For the limits and guarantees to be useful, **the spawner must implement
support for them**. For example, LocalProcessSpawner, the default
spawner, does not support limits and guarantees. One of the spawners
that supports limits and guarantees is the `systemdspawner`.


### Memory Limits & Guarantees

`c.Spawner.mem_limit`: A **limit** specifies the *maximum amount of memory*
that may be allocated, though there is no promise that the maximum amount will
be available. In supported spawners, you can set `c.Spawner.mem_limit` to
limit the total amount of memory that a single-user notebook server can
allocate. Attempting to use more memory than this limit will cause errors. The
single-user notebook server can discover its own memory limit by looking at
the environment variable `MEM_LIMIT`, which is specified in absolute bytes.

`c.Spawner.mem_guarantee`: Sometimes, a **guarantee** of a *minimum amount of
memory* is desirable. In this case, you can set `c.Spawner.mem_guarantee` to
to provide a guarantee that at minimum this much memory will always be
available for the single-user notebook server to use. The environment variable
`MEM_GUARANTEE` will also be set in the single-user notebook server.

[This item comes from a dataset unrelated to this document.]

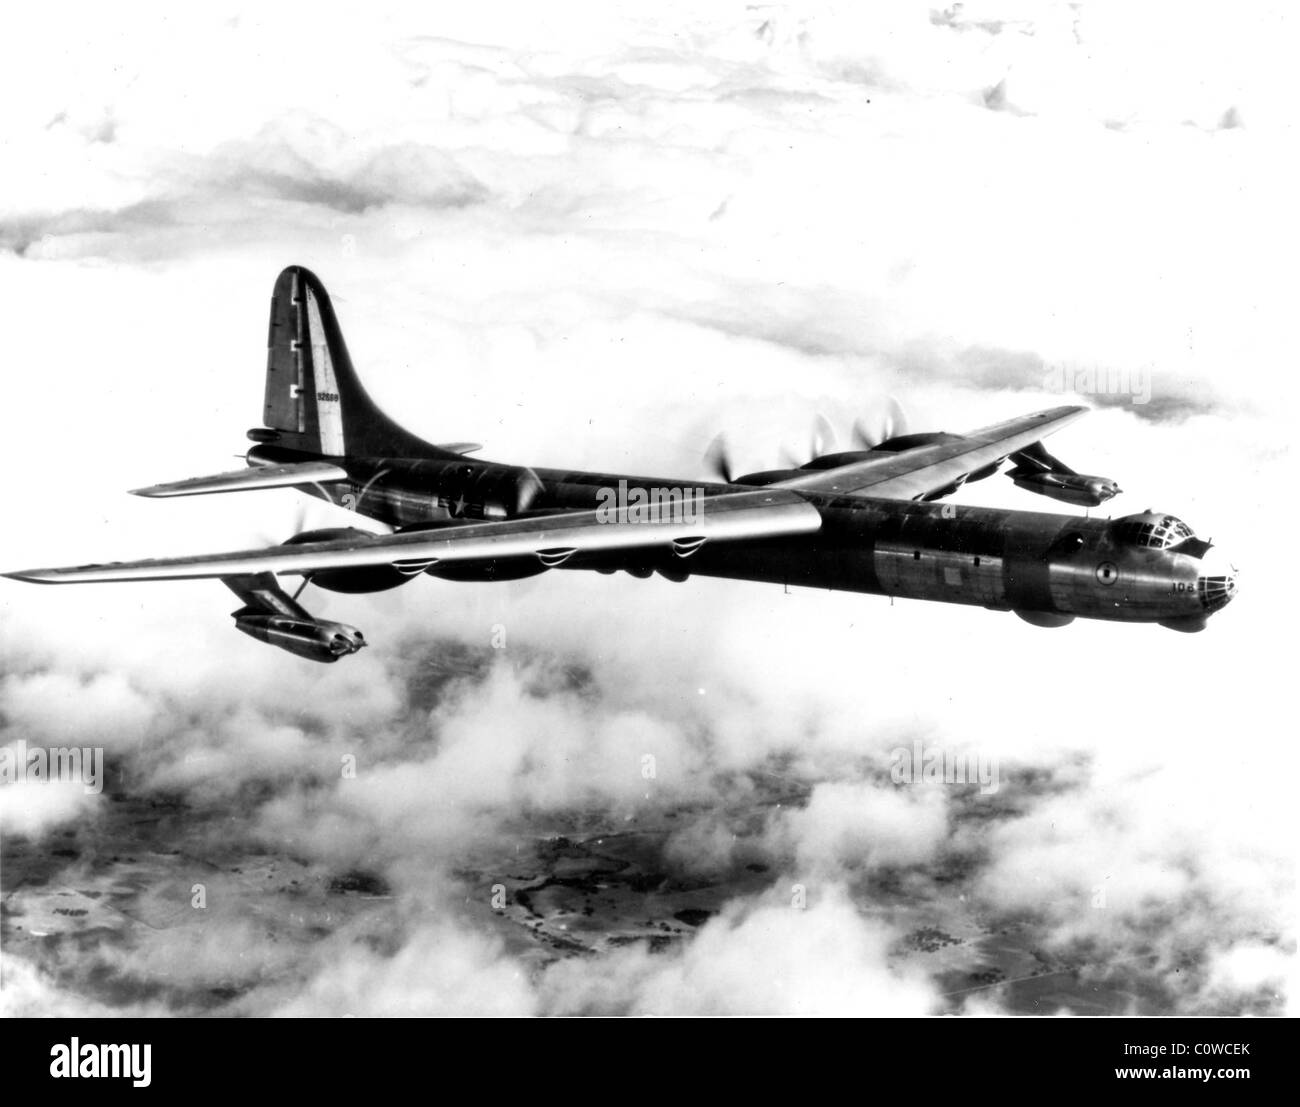 Convair RB-36-D, el jet versión aumentada de la Fuerza Aérea de los Estados Unidos de bombarderos estratégicos intercontinentales. Foto de stock
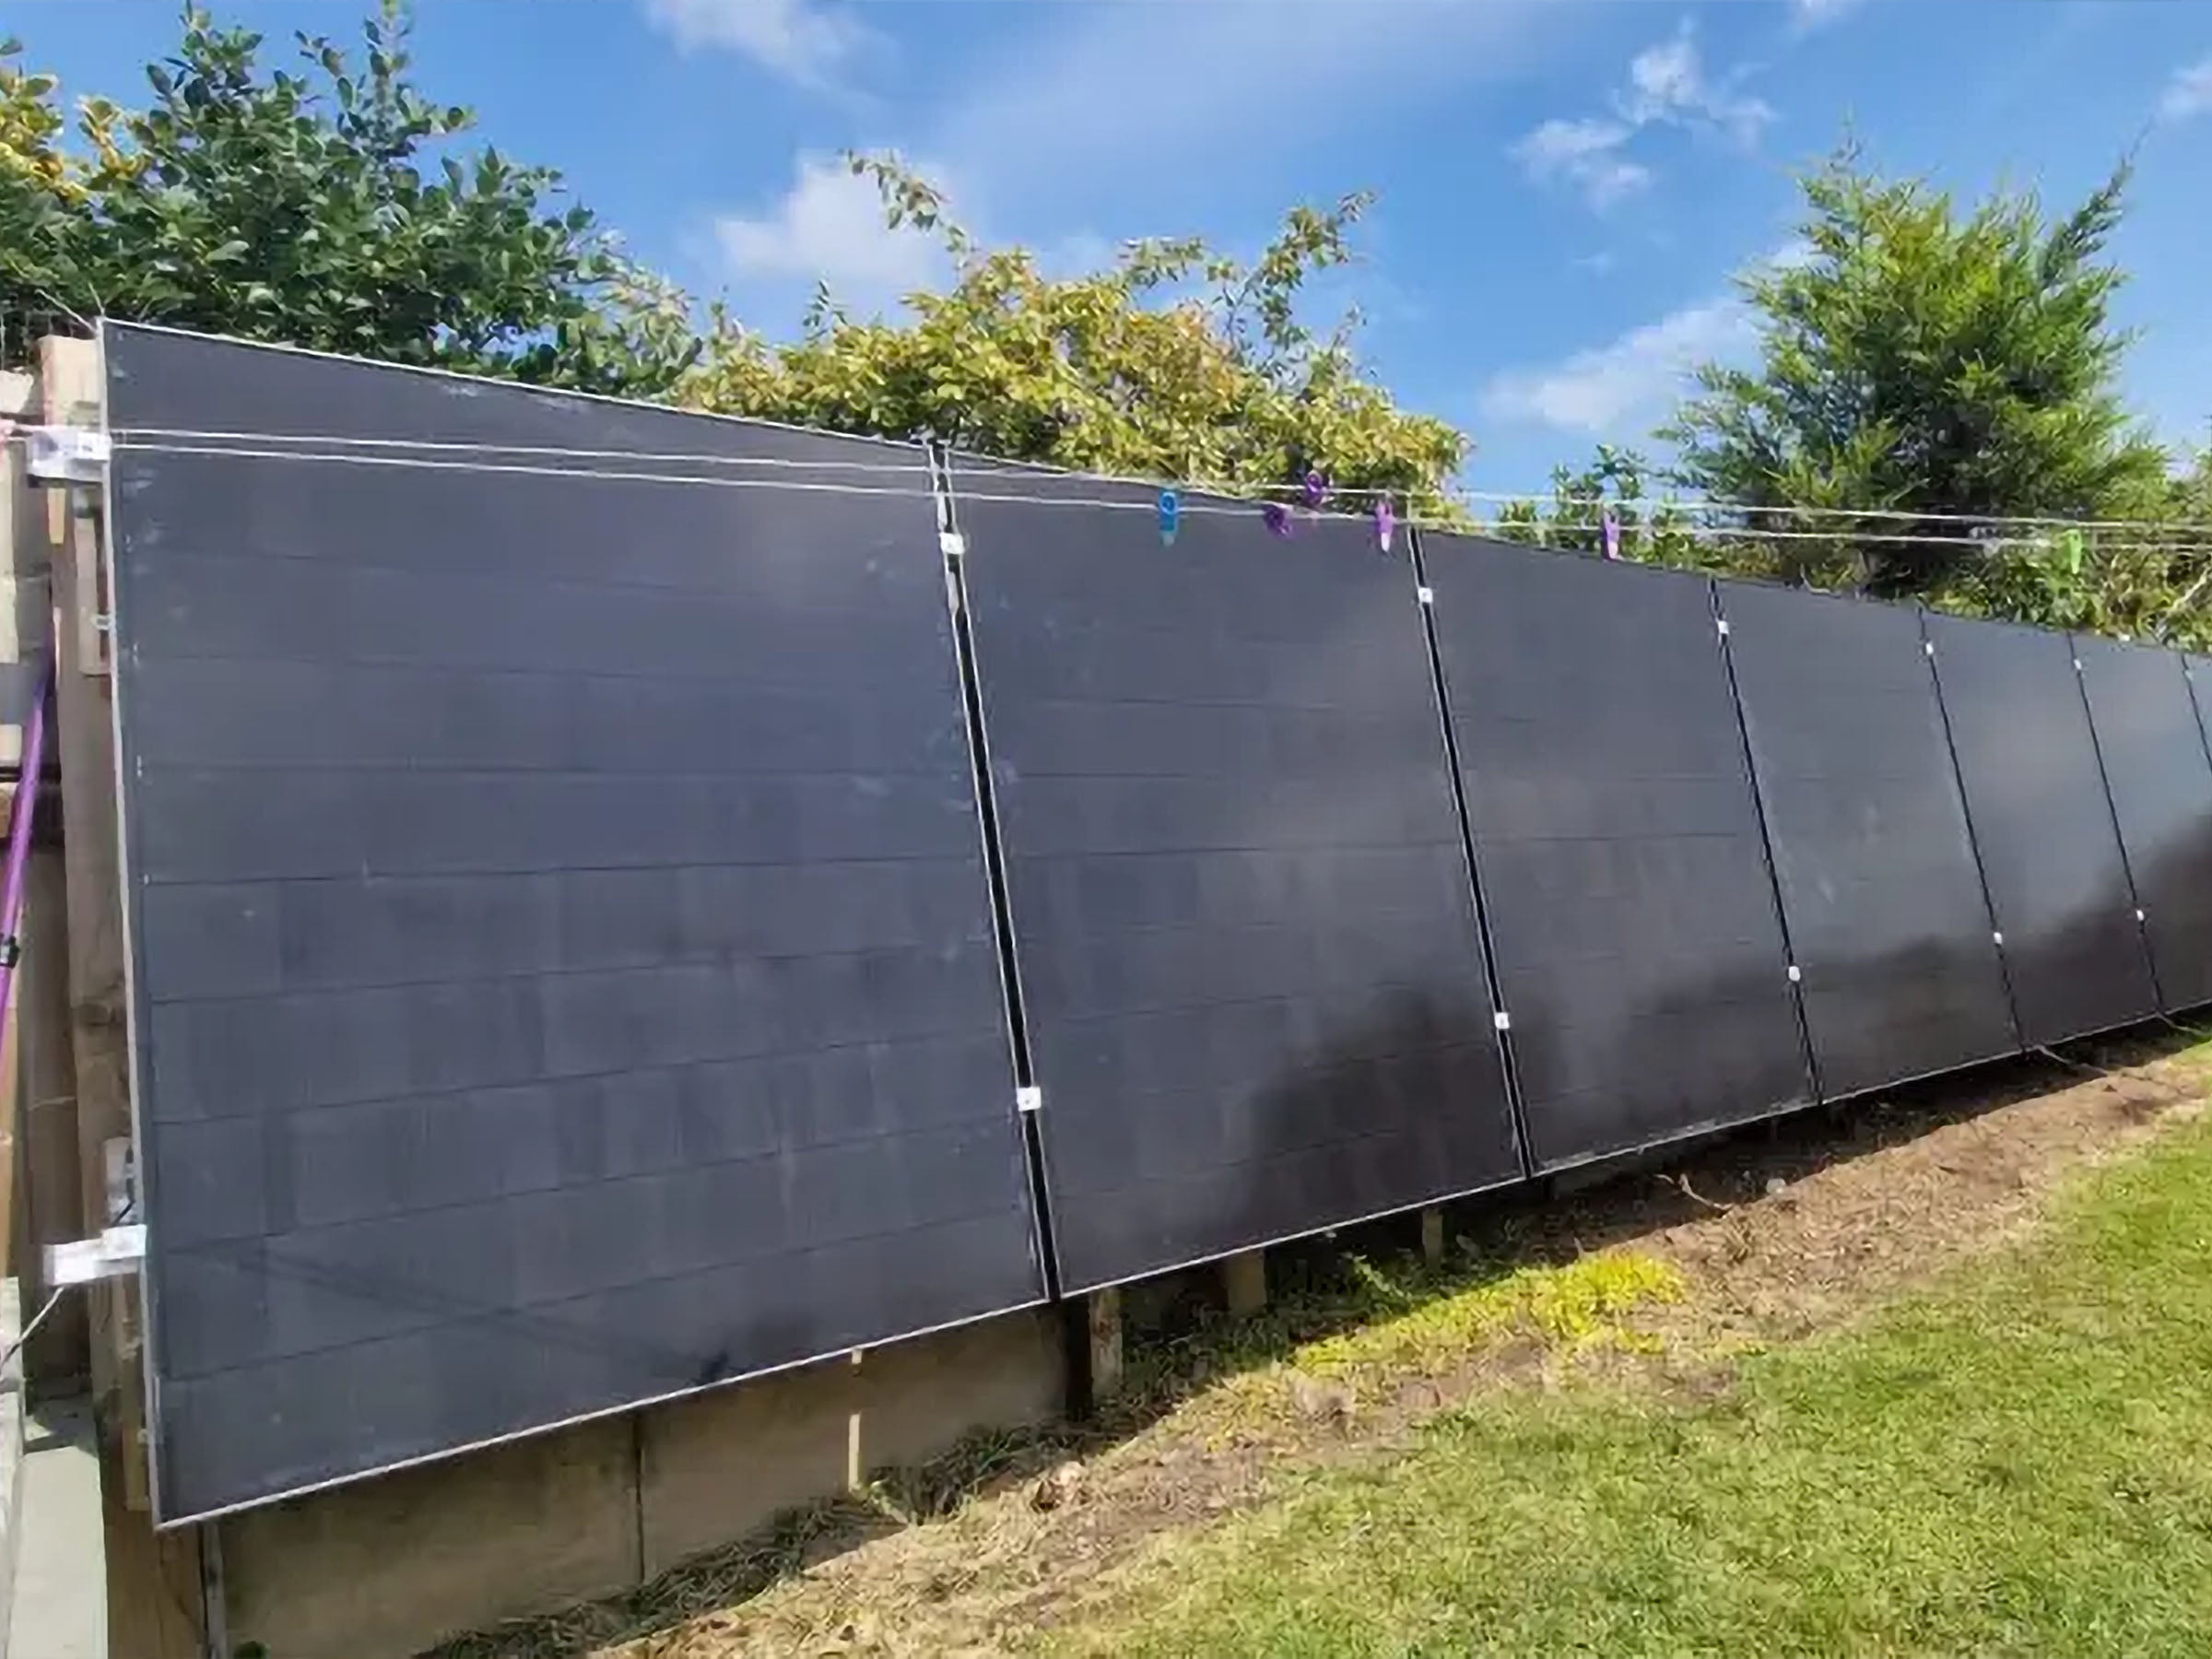 #Zäune aus Solarmodulen: So skurril nutzen Menschen Niedrigpreise

**The spawner's underlying system or cluster is responsible for enforcing these
limits and providing these guarantees.** If these values are set to `None`, no
limits or guarantees are provided, and no environment values are set.

### CPU Limits & Guarantees

`c.Spawner.cpu_limit`: In supported spawners, you can set
`c.Spawner.cpu_limit` to limit the total number of cpu-cores that a
single-user notebook server can use. These can be fractional - `0.5` means 50%
of one CPU core, `4.0` is 4 cpu-cores, etc. This value is also set in the
single-user notebook server's environment variable `CPU_LIMIT`. The limit does
not claim that you will be able to use all the CPU up to your limit as other
higher priority applications might be taking up CPU.

`c.Spawner.cpu_guarantee`: You can set `c.Spawner.cpu_guarantee` to provide a
guarantee for CPU usage. The environment variable `CPU_GUARANTEE` will be set
in the single-user notebook server when a guarantee is being provided.

**The spawner's underlying system or cluster is responsible for enforcing these
limits and providing these guarantees.** If these values are set to `None`, no
limits or guarantees are provided, and no environment values are set.

### Encryption

Communication between the `Proxy`, `Hub`, and `Notebook` can be secured by
turning on `internal_ssl` in `jupyterhub_config.py`. For a custom spawner to
utilize these certs, there are two methods of interest on the base `Spawner`
class: `.create_certs` and `.move_certs`.

The first method, `.create_certs` will sign a key-cert pair using an internally
trusted authority for notebooks.  During this process, `.create_certs` can
apply `ip` and `dns` name information to the cert via an `alt_names` `kwarg`.
This is used for certificate authentication (verification). Without proper
verification, the `Notebook` will be unable to communicate with the `Hub` and
vice versa when `internal_ssl` is enabled. For example, given a deployment
using the `DockerSpawner` which will start containers with `ips` from the
`docker` subnet pool, the `DockerSpawner` would need to instead choose a
container `ip` prior to starting and pass that to `.create_certs` (TODO: edit).

In general though, this method will not need to be changed and the default
`ip`/`dns` (localhost) info will suffice.

When `.create_certs` is run, it will `.create_certs` in a default, central
location specified by `c.JupyterHub.internal_certs_location`. For `Spawners`
that need access to these certs elsewhere (i.e. on another host altogether),
the `.move_certs` method can be overridden to move the certs appropriately.
Again, using `DockerSpawner` as an example, this would entail moving certs
to a directory that will get mounted into the container this spawner starts.